Pelican: A Deep Residual Network for Network Intrusion Detection
This work addresses the challenge of reducing false alarms in network intrusion detection for improved security, representing an incremental improvement over existing ML-based methods.
The paper tackles the problem of high false alarm rates in machine learning-based network intrusion detection systems by proposing Pelican, a deep residual network, which achieves high attack detection performance with significantly lower false alarm rates on NSL-KDD and UNSW-NB15 datasets.

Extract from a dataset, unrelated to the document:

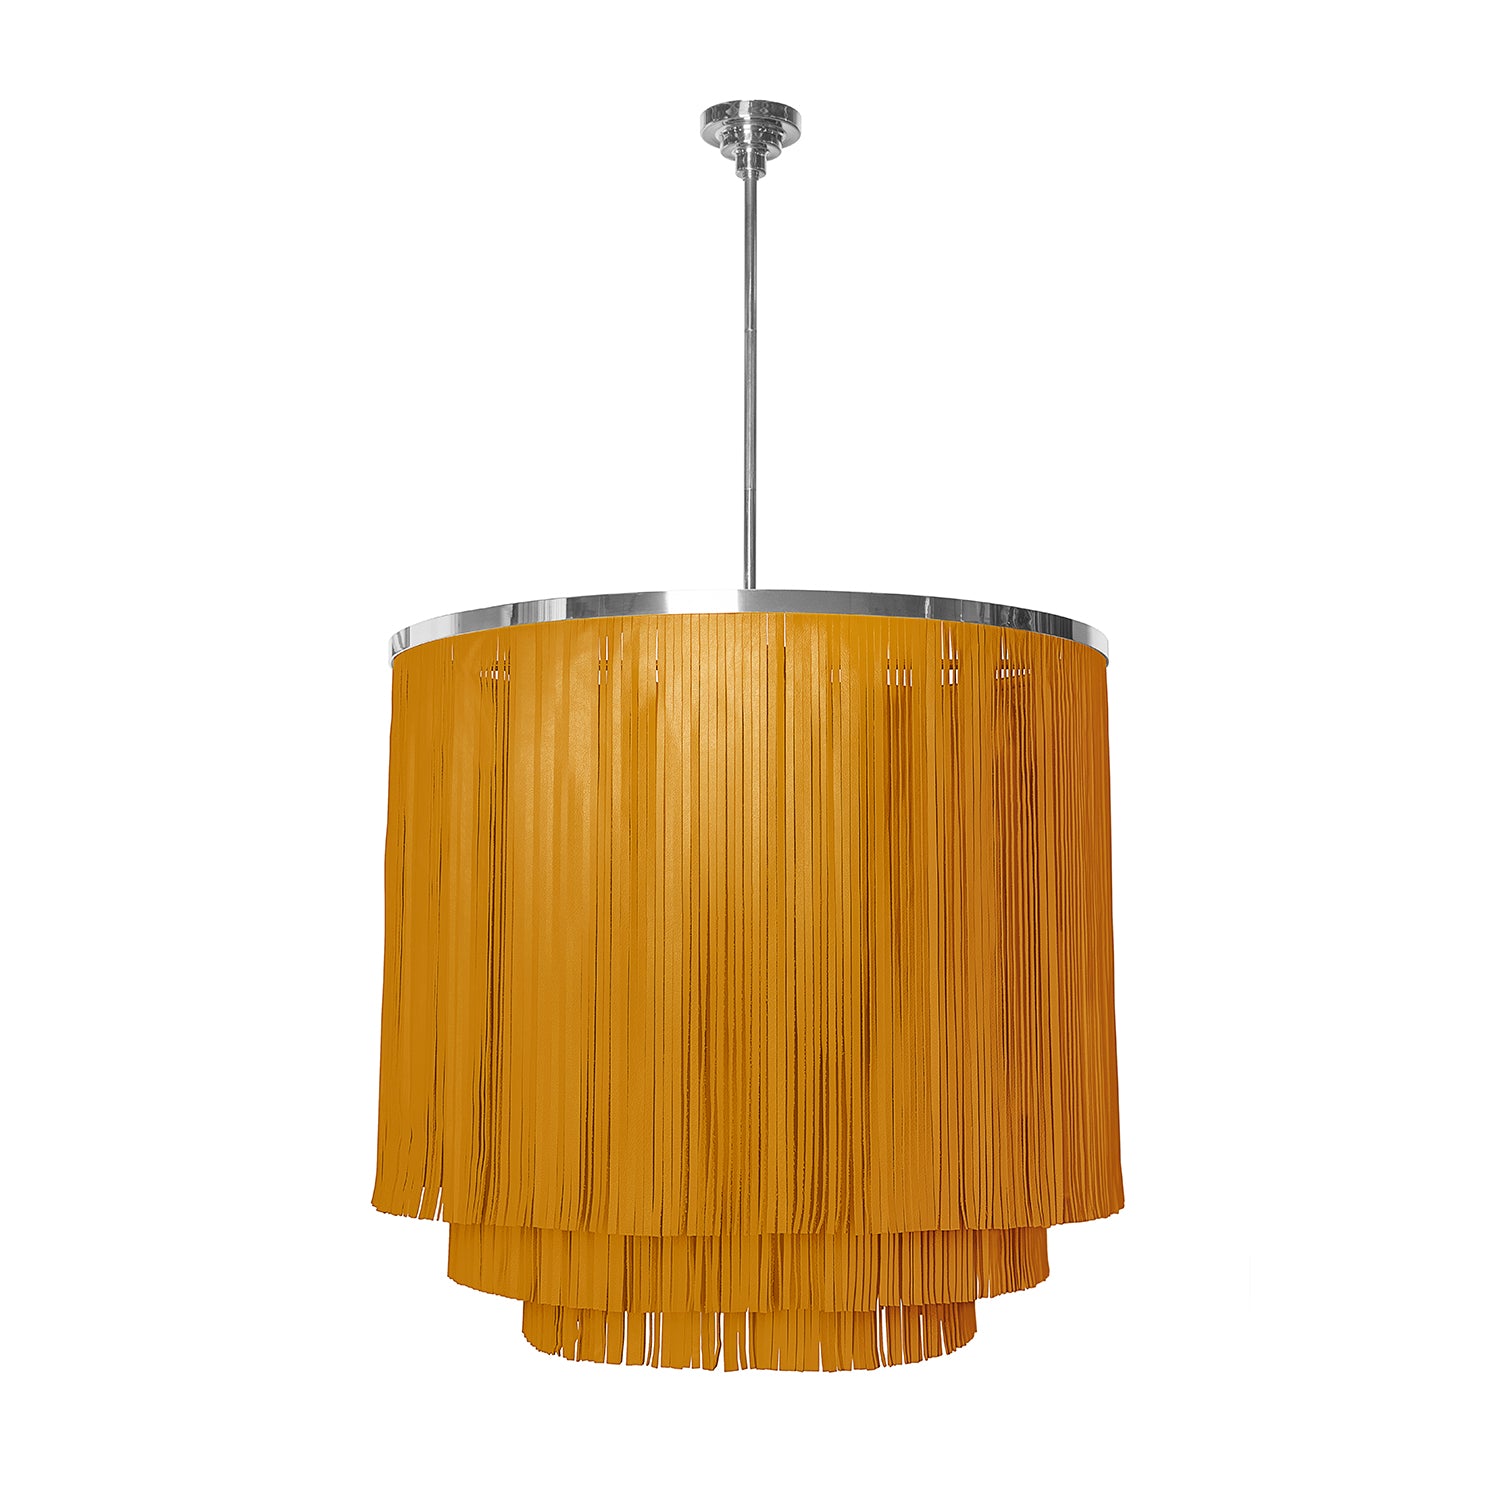 Large NeKeia Leather Chandelier in Nickel Finish and NeKeia Leather

One challenge for building a secure network communication environment is how to effectively detect and prevent malicious network behaviours. The abnormal network activities threaten users' privacy and potentially damage the function and infrastructure of the whole network. To address this problem, the network intrusion detection system (NIDS) has been used. By continuously monitoring network activities, the system can timely identify attacks and prompt counter-attack actions. NIDS has been evolving over years. The current-generation NIDS incorporates machine learning (ML) as the core technology in order to improve the detection performance on novel attacks. However, the high detection rate achieved by a traditional ML-based detection method is often accompanied by large false-alarms, which greatly affects its overall performance. In this paper, we propose a deep neural network, Pelican, that is built upon specially-designed residual blocks. We evaluated Pelican on two network traffic datasets, NSL-KDD and UNSW-NB15. Our experiments show that Pelican can achieve a high attack detection performance while keeping a much low false alarm rate when compared with a set of up-to-date machine learning based designs.